The government are doing exactly what they’ve always done: prioritising their aging, affluent constituency.
Meanwhile the ALP are chasing their tail trying to win back their own “heartland”.
That would be blue collar workers-AKA coal miners on 150000 per year.
Sweet Jesus.
Get me outta here.
You forgot the tunnel diggers in their bright blue designer work clothes on 300,000 a year
Debt-to-income indicators were used in the eighties and early 90’s. I was in the banking game then. But when the CBA was privatised and banks amalgamated creating the “Big 4” the whole game gradually changed. You only have to look at the Banking RC that showed how standards have changed.
Brokers are also an issue as they want their commission and have been found wanting in their standards at times as well. Mind you not all brokers do this, but like everything a few bad apples.
NZ are on the right track and we urgently need to do something about negative gearing or future generations will not ever get into the housing market.
Hard to tell if NZ is doing any better than Oz as the changes mentioned are new and their effect TBD.
NZ did ban foreign speculators a while ago, even before Covid. But there are likely easy ways to get around the intent. Even so kiwi housing has the same rocket under it as Oz housing.
My understanding is Auckland is as or more expensive than Sydney!! Crazy land!!
The only real difference is the LNP are totally behind screwing first home buyers – and Labor are terrified of frightening the horses after Shortens shock defeat.
So full marks to Ardern for trying – whether it makes any difference is TBD.
A land of haves and never-will-haves. The latter being doubly cursed.
In a society of such self-diagnosed “egalitarianism” there is a barely submerged vein of selfishness – and we have just the government to tap that vein, to feed off it, in return for feeding it intravenously.
When this government-fueled and -blessed, over-heated market (that discriminates against and disenfranchises the less well off) eventually vents there’ll be kismet slime from one end of the country to the other.

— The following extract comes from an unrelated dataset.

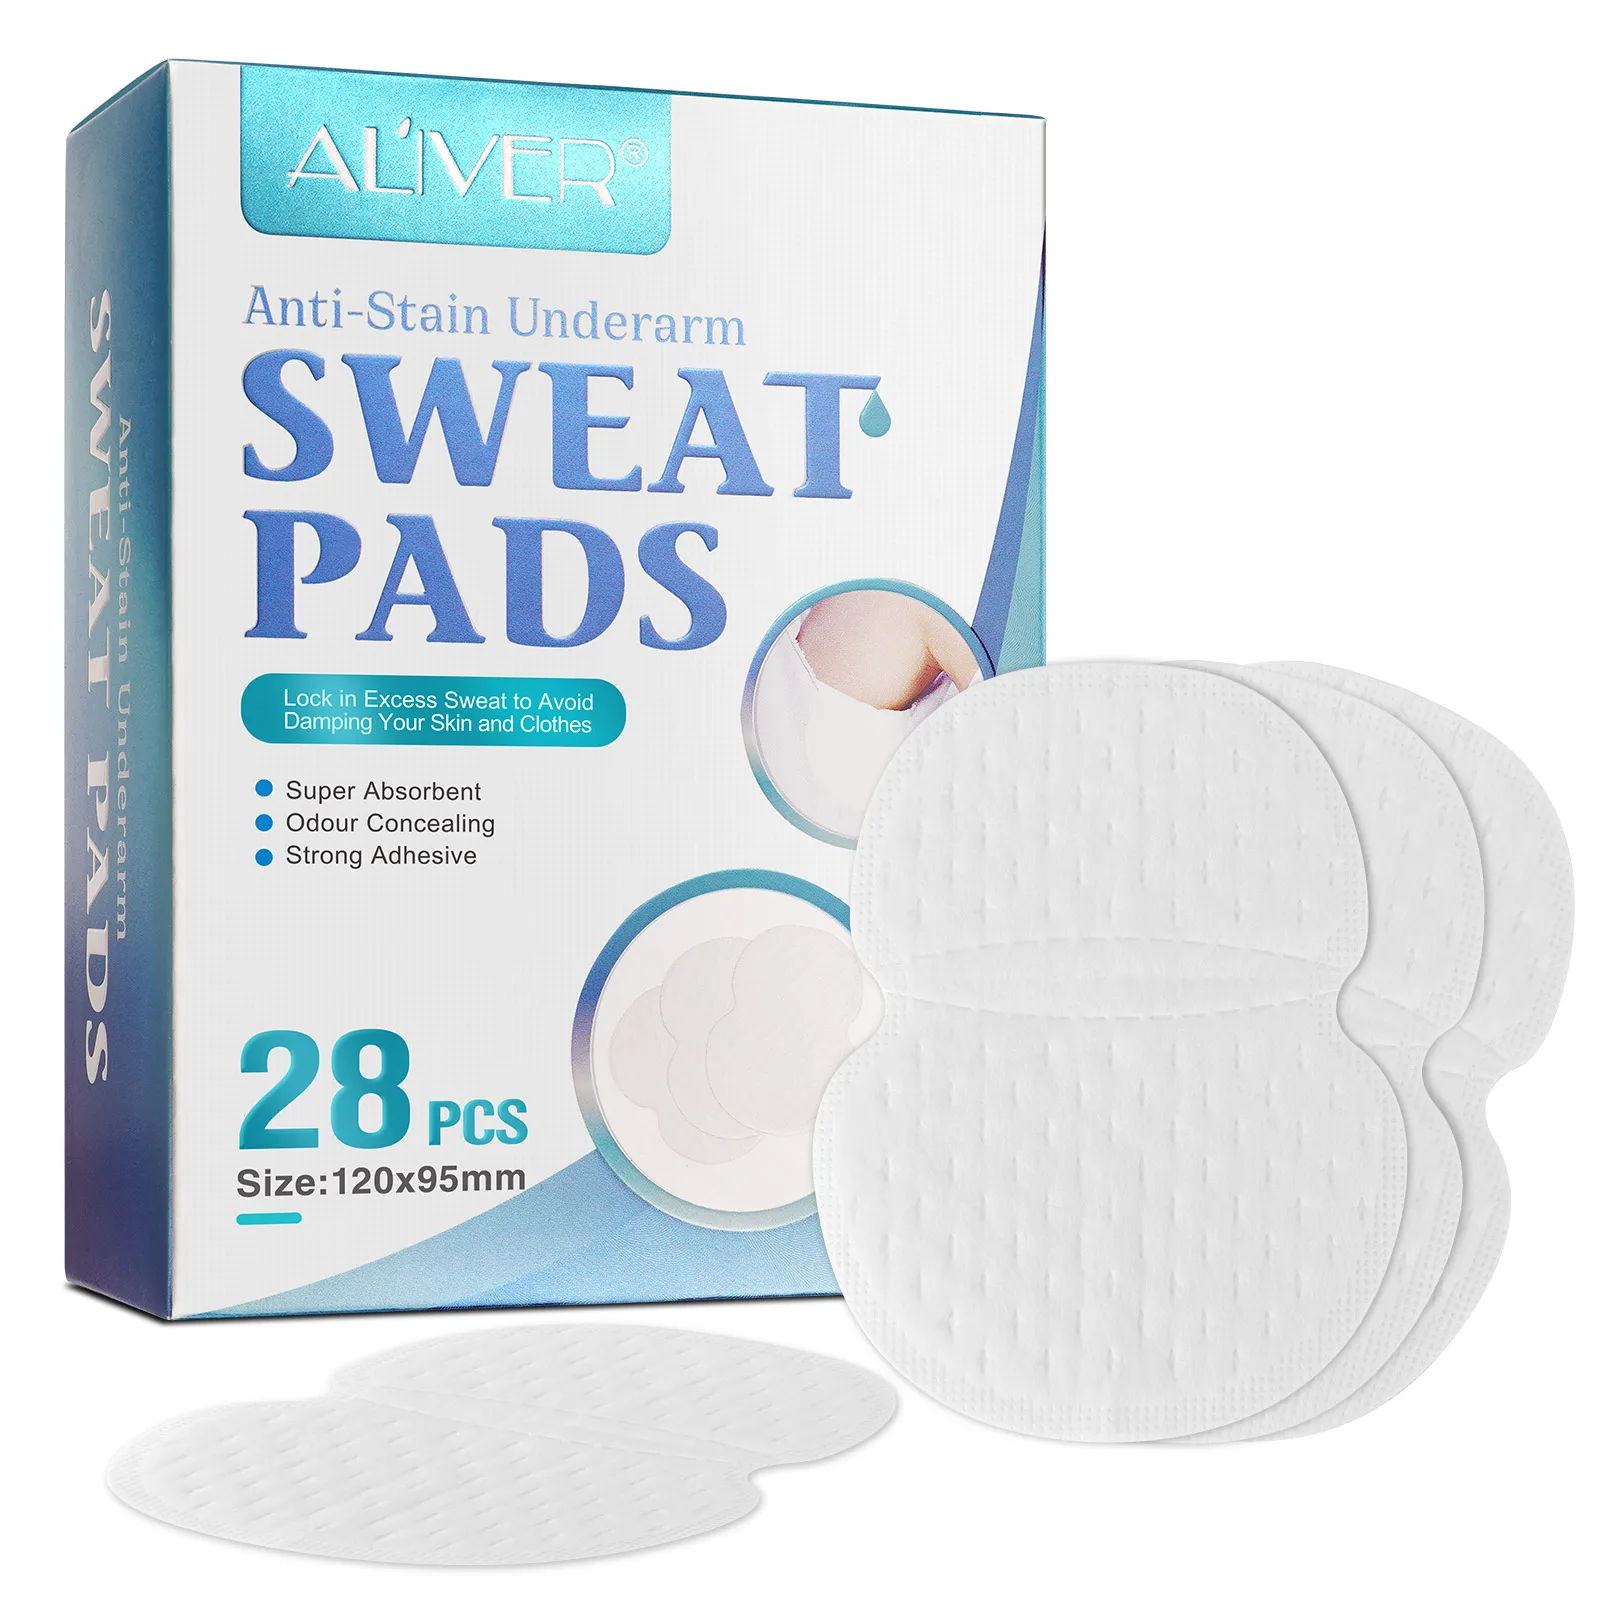 

ALIVER Private Label Disposable Armpit Super Absorbent Cotton pads Underarm Sweat Pads

…. Or if interest rates rise….
The homeless crisis will just grow and grow. Given the lack of resolve to address the clear failures in the social and affordable housing sectors by our state governments and the Federal LNP government’s insistance on the primacy of private negatively geared nvestors, what hope is there. Why cant we change tack and provide 100% tax relief for mortgage interest payments for owner-occupied dwellings valued under $1M and as long as they held no other interests in real estate. If we can assist negative hearers and dividend holders, why not the family abode for low income owners?